THE REFERENDUM CONFUSION

The lessons of the November 2018 midterm elections might appear obvious at first glance: red states kicked out blue Senators, swing districts swung to the Democrats and delivered the House, the polarization of the American electorate continued apace. Yet, behind the headlines and under the radar, a subtler trend unfolded: liberal voters directly enacted conservative policies and vice versa.

Through the use of ballot measures, advocacy groups took their proposals straight to the people, unencumbered by party loyalties or candidate weaknesses. As conservative voters in Missouri were unseating Democratic Sen. Claire McCaskill, they were also approving legalized marijuana and raising the minimum wage. Jay Inslee, Democratic governor of Washington, saw his dream of the nation’s first carbon tax crushed by a 13-point margin.

While voters tend to use partisan and personal affiliations to choose between candidates, policy questions are apparently judged by different criteria. The trend presents both opportunities and challenges for businesses hoping to anticipate the policy and political environment in which they must engage, requiring a concerted effort to dig deeper to better understand the spectrum of interests and stakeholders engaged on the issues important to them.

A MATTER OF TRUSTS 

Antitrust policy took center stage at the confirmation hearings of Attorney General nominee Bill Barr, specifically in relation to Big Tech. Several senators spent long stretches of their allotted time asking Barr, who fought the Justice Department’s attempt to block the merger of AT&T and Time Warner in 2018, about the potential for government action against the giants of Silicon Valley. Jeff Sessions, conversely, was asked only twice about antitrust matters during his Attorney General confirmation hearings in 2017.

Lawmakers’ sudden interest in the issue as it applies to tech companies seems ominous, especially in light of growing popular distrust of the industry. For his part, Barr said, “I don’t think big is necessarily bad, but I think a lot of people wonder how such huge behemoths that now exist in Silicon Valley have taken shape under the nose of the antitrust enforcers.” If confirmed, the incoming Attorney General’s handling of this waxing political issue could set the tone for his tenure and have serious regulatory ramifications across all industries.

PUNTING ON POLITICS

The Super Bowl’s cultural appeal rests only partially on football these days. Excepting New England fans, most Americans usually don’t get to support their home team in the NFL’s climactic finale and prefer to tune in for the drama of it all or the halftime show or, famously, the commercials. Now a new Morning Consult poll is putting advertisers on notice: political messages are out of bounds.

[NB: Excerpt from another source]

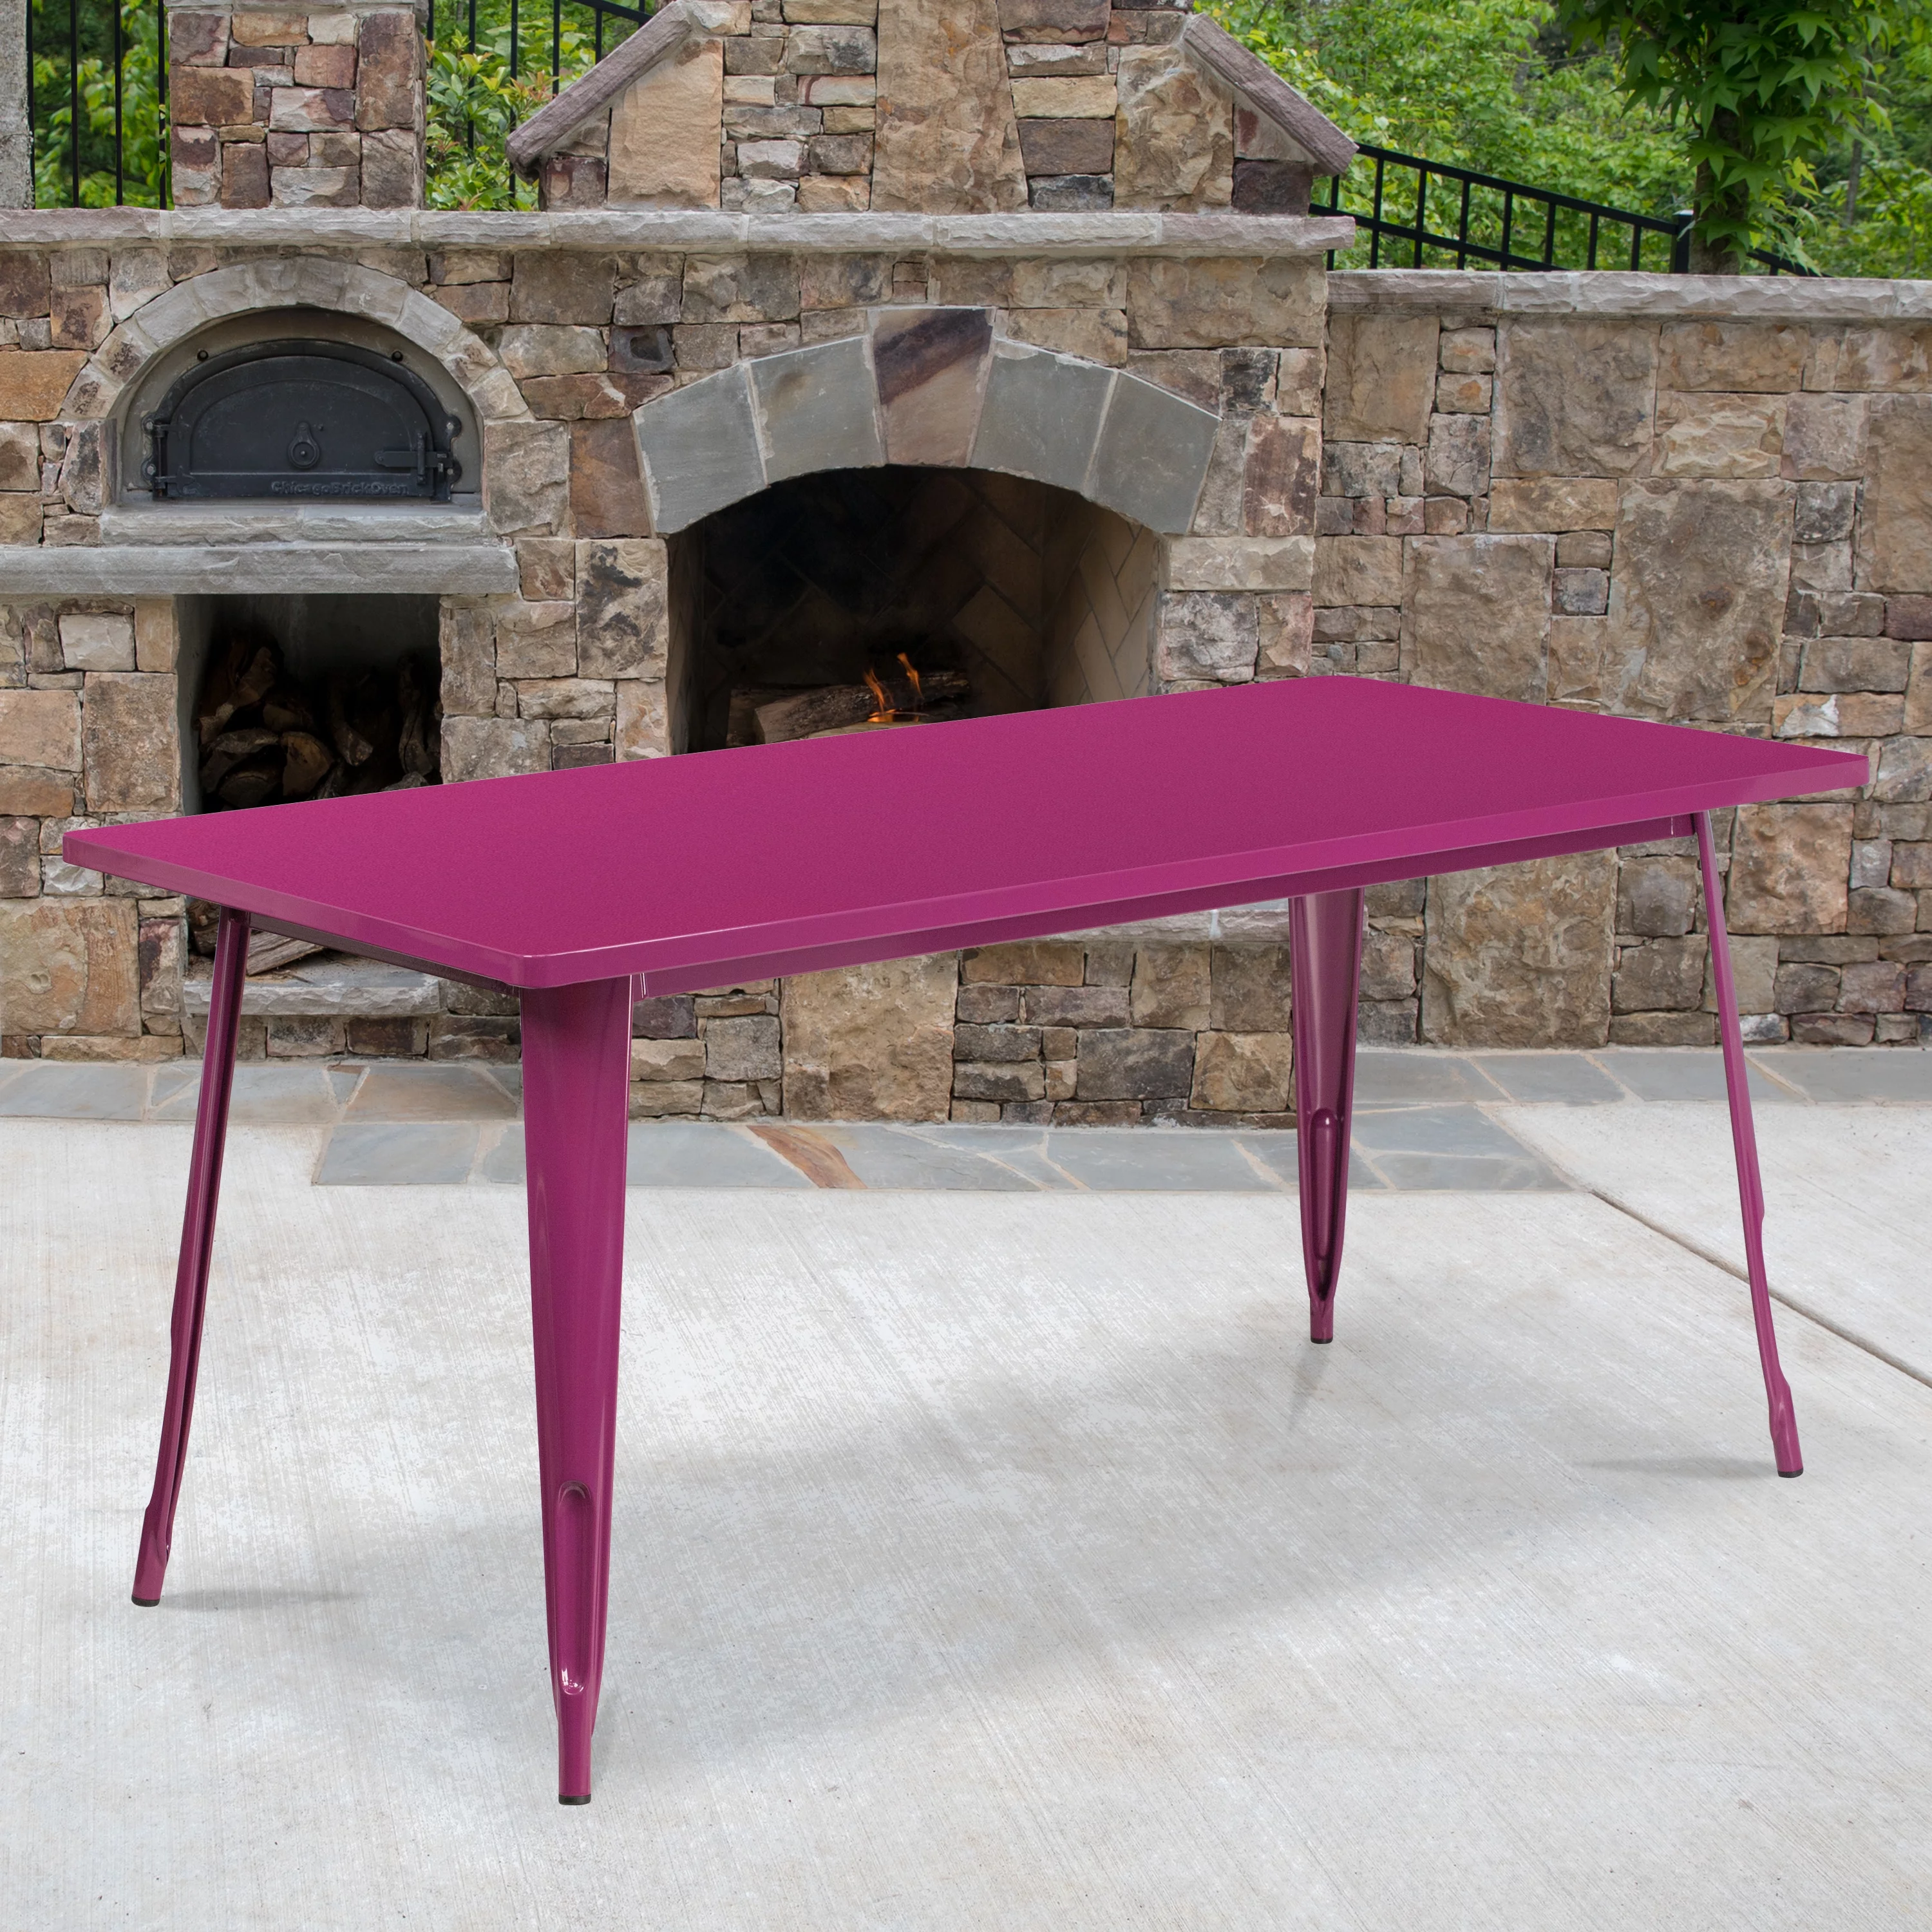 Flash Furniture Commercial Grade 31.5" x 63" Rectangular Purple Metal Indoor-Outdoor Table
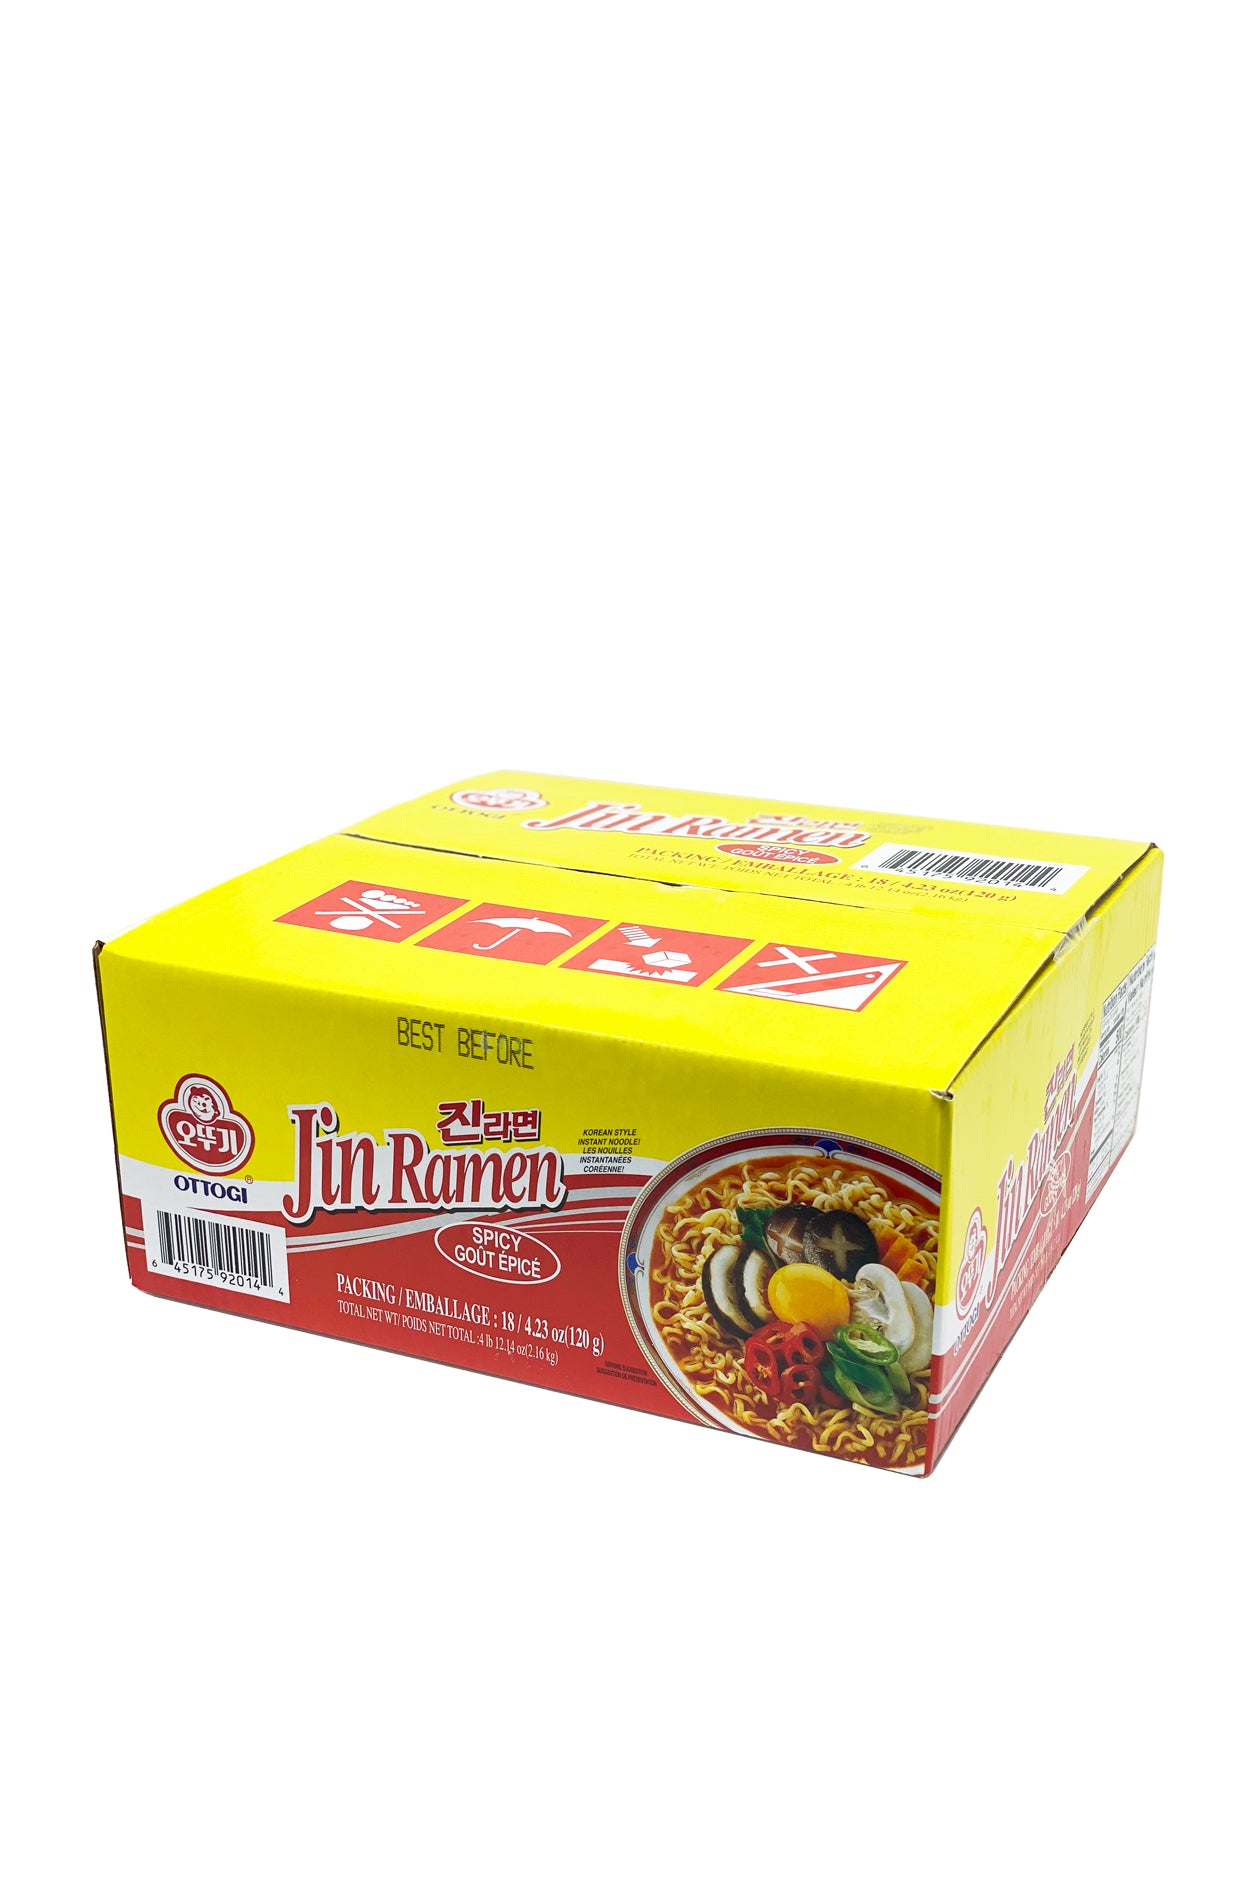 Cup Noodles Jin Ramen épicée -65g - Ottogi

Nearly two-thirds of respondents, including 55 percent of all millennials polled, disapproved of using Super Bowl advertisements to make political statements. Morning Consult CEO Michael Ramlet noted, “The biggest disconnect between the general public and agencies and companies is this idea that you have to take stands to win Gen Z or millennials. That’s not what the data shows” most viewers of any age want during the Super Bowl.

Of course, viewers are unlikely to skip the game over a few political commercials and it is still expected to draw television’s biggest crowd. This new data should at least give Madison Avenue pause; while there may be no such thing as bad publicity, woke advertising brings just as many reputational risks as rewards.